Off-Pump or On-Pump Coronary-Artery Bypass Grafting at 30 Days

André Lamy(McMaster University), P.J. Devereaux(Hamilton Health Sciences), Dorairaj Prabhakaran(Population Health Research Institute), David P. Taggart(Population Health Research Institute), Shengshou Hu(Population Health Research Institute), Ernesto Paolasso(Population Health Research Institute), Zbyněk Straka(Charles University), Leopoldo Soares Piegas(Population Health Research Institute), Ahmet Rüçhan Akar(Population Health Research Institute), Anil Jain(Population Health Research Institute), Nicolas Noiseux(Population Health Research Institute), Chandrasekar Padmanabhan(Population Health Research Institute), Juan-Carlos Bahamondes(Population Health Research Institute), Richard J. Novick(Population Health Research Institute), Prashant Vaijyanath(Frontier Lifeline Hospital), Sukesh Reddy(MaxCure Hospitals), Liang Tao(Wuhan Asia Heart Hospital), Pablo A. Olavegogeascoechea(Population Health Research Institute), Balram Airan(All India Institute of Medical Sciences), Toomas-Andres Sulling(Population Health Research Institute), Richard Whitlock(Hamilton Health Sciences), Yongning Ou(Population Health Research Institute), Jennifer Ng(McMaster University), Susan Chrolavicius(McMaster University), Salim Yusuf(Population Health Research Institute)
New England Journal of Medicine
March 26, 2012
Cited by 696Open Access
Full Text

Abstract

BACKGROUND: The relative benefits and risks of performing coronary-artery bypass grafting (CABG) with a beating-heart technique (off-pump CABG), as compared with cardiopulmonary bypass (on-pump CABG), are not clearly established. METHODS: At 79 centers in 19 countries, we randomly assigned 4752 patients in whom CABG was planned to undergo the procedure off-pump or on-pump. The first coprimary outcome was a composite of death, nonfatal stroke, nonfatal myocardial infarction, or new renal failure requiring dialysis at 30 days after randomization. RESULTS: There was no significant difference in the rate of the primary composite outcome between off-pump and on-pump CABG (9.8% vs. 10.3%; hazard ratio for the off-pump group, 0.95; 95% confidence interval [CI], 0.79 to 1.14; P=0.59) or in any of its individual components.
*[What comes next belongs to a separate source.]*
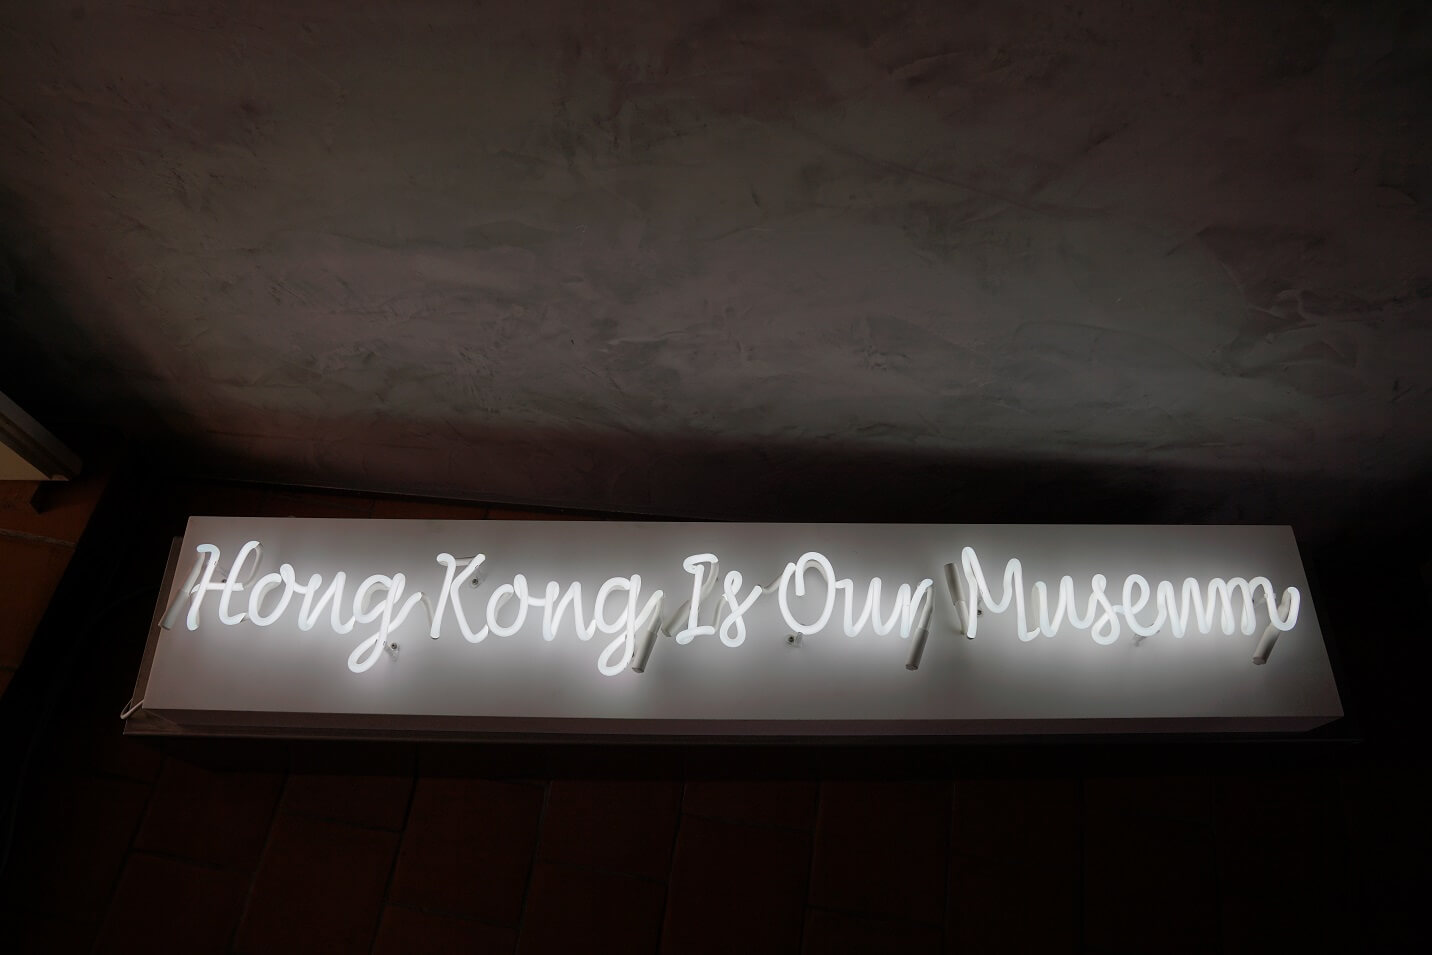 MAP Office《HONG KONG IS OUR MUSEUM》──燈箱放於地上，而且刻意有點歪斜不貼牆身，突出香港由二百六十三座島嶼組成的特點。 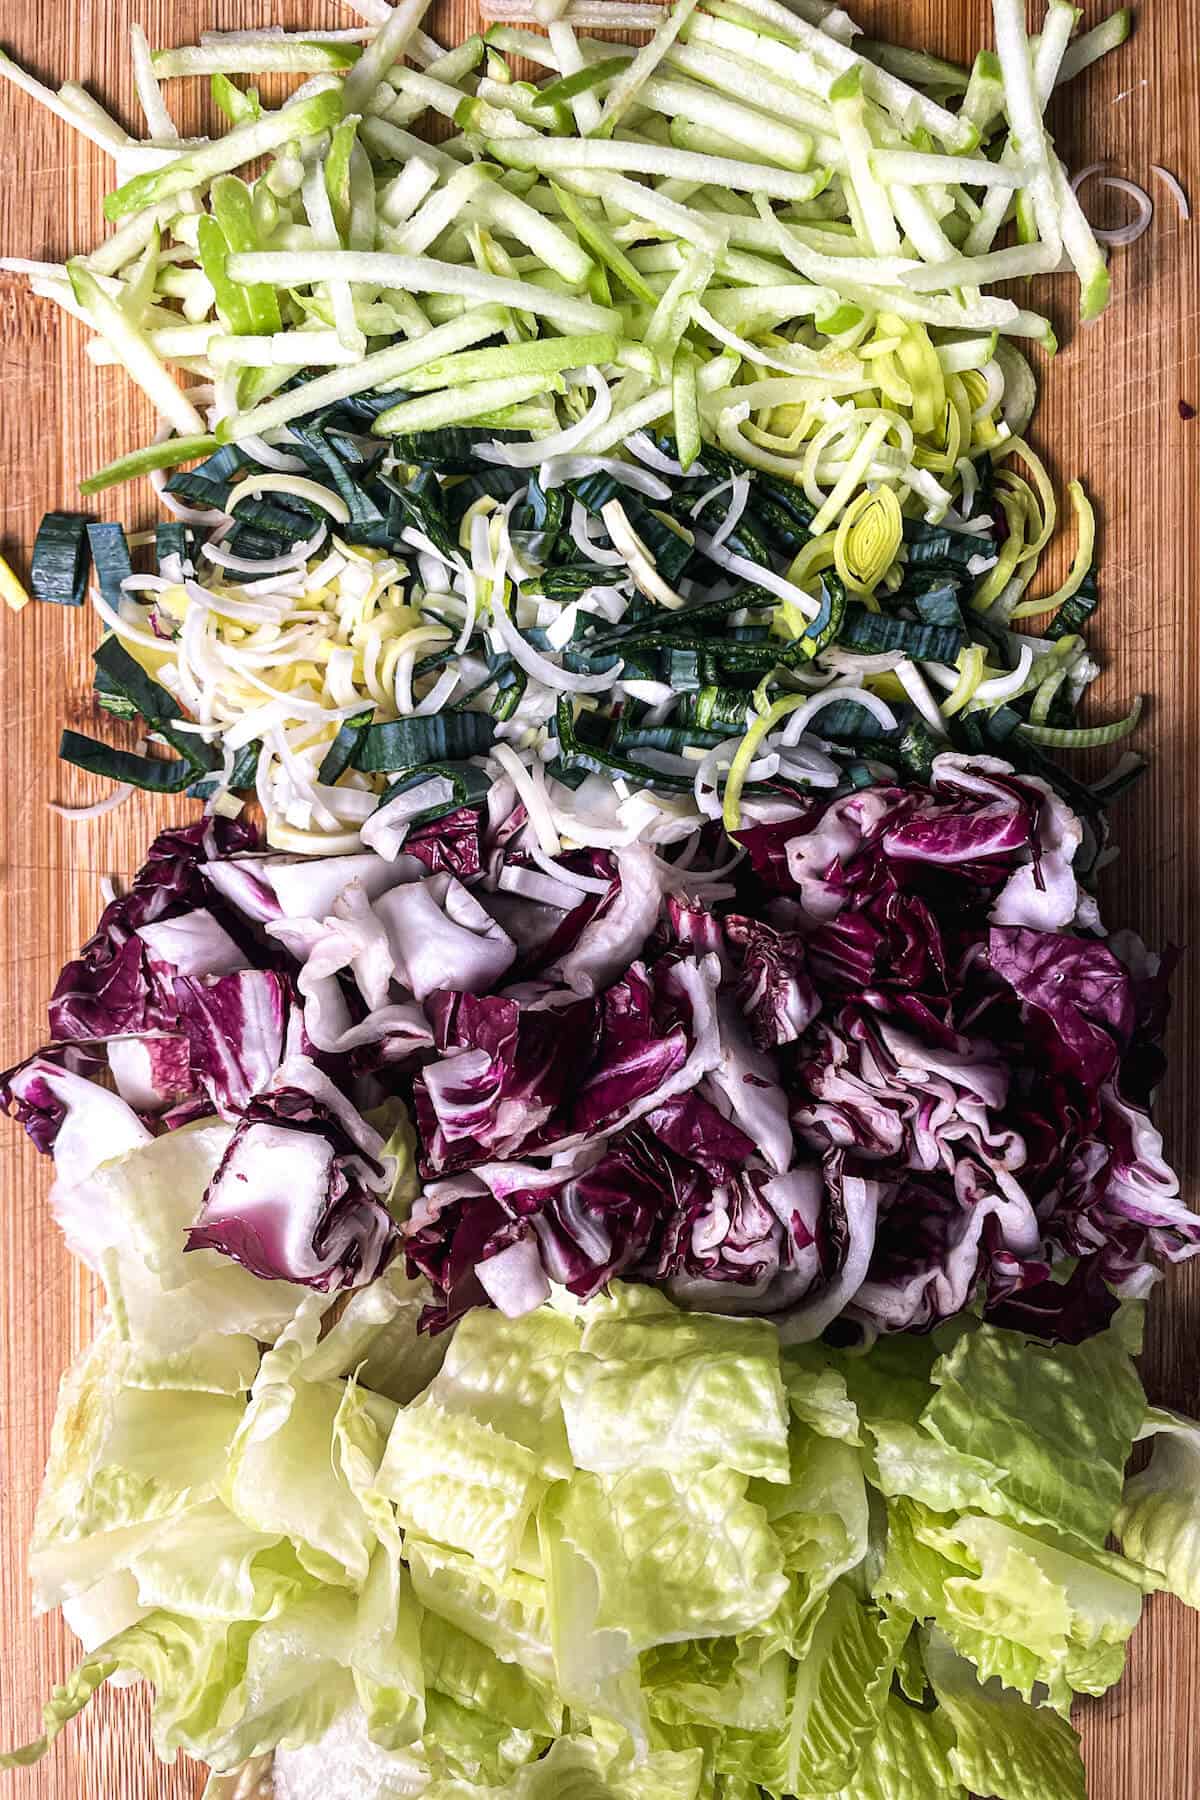 chopped salad ingredients

The use of off-pump CABG, as compared with on-pump CABG, significantly reduced the rates of blood-product transfusion (50.7% vs. 63.3%; relative risk, 0.80; 95% CI, 0.75 to 0.85; P<0.001), reoperation for perioperative bleeding (1.4% vs. 2.4%; relative risk, 0.61; 95% CI, 0.40 to 0.93; P=0.02), acute kidney injury (28.0% vs. 32.1%; relative risk, 0.87; 95% CI, 0.80 to 0.96; P=0.01), and respiratory complications (5.9% vs. 7.5%; relative risk, 0.79; 95% CI, 0.63 to 0.98; P=0.03) but increased the rate of early repeat revascularizations (0.7% vs. 0.2%; hazard ratio, 4.01; 95% CI, 1.34 to 12.0; P=0.01). CONCLUSIONS: There was no significant difference between off-pump and on-pump CABG with respect to the 30-day rate of death, myocardial infarction, stroke, or renal failure requiring dialysis. The use of off-pump CABG resulted in reduced rates of transfusion, reoperation for perioperative bleeding, respiratory complications, and acute kidney injury but also resulted in an increased risk of early revascularization. (Funded by the Canadian Institutes of Health Research; CORONARY ClinicalTrials.gov number, NCT00463294.).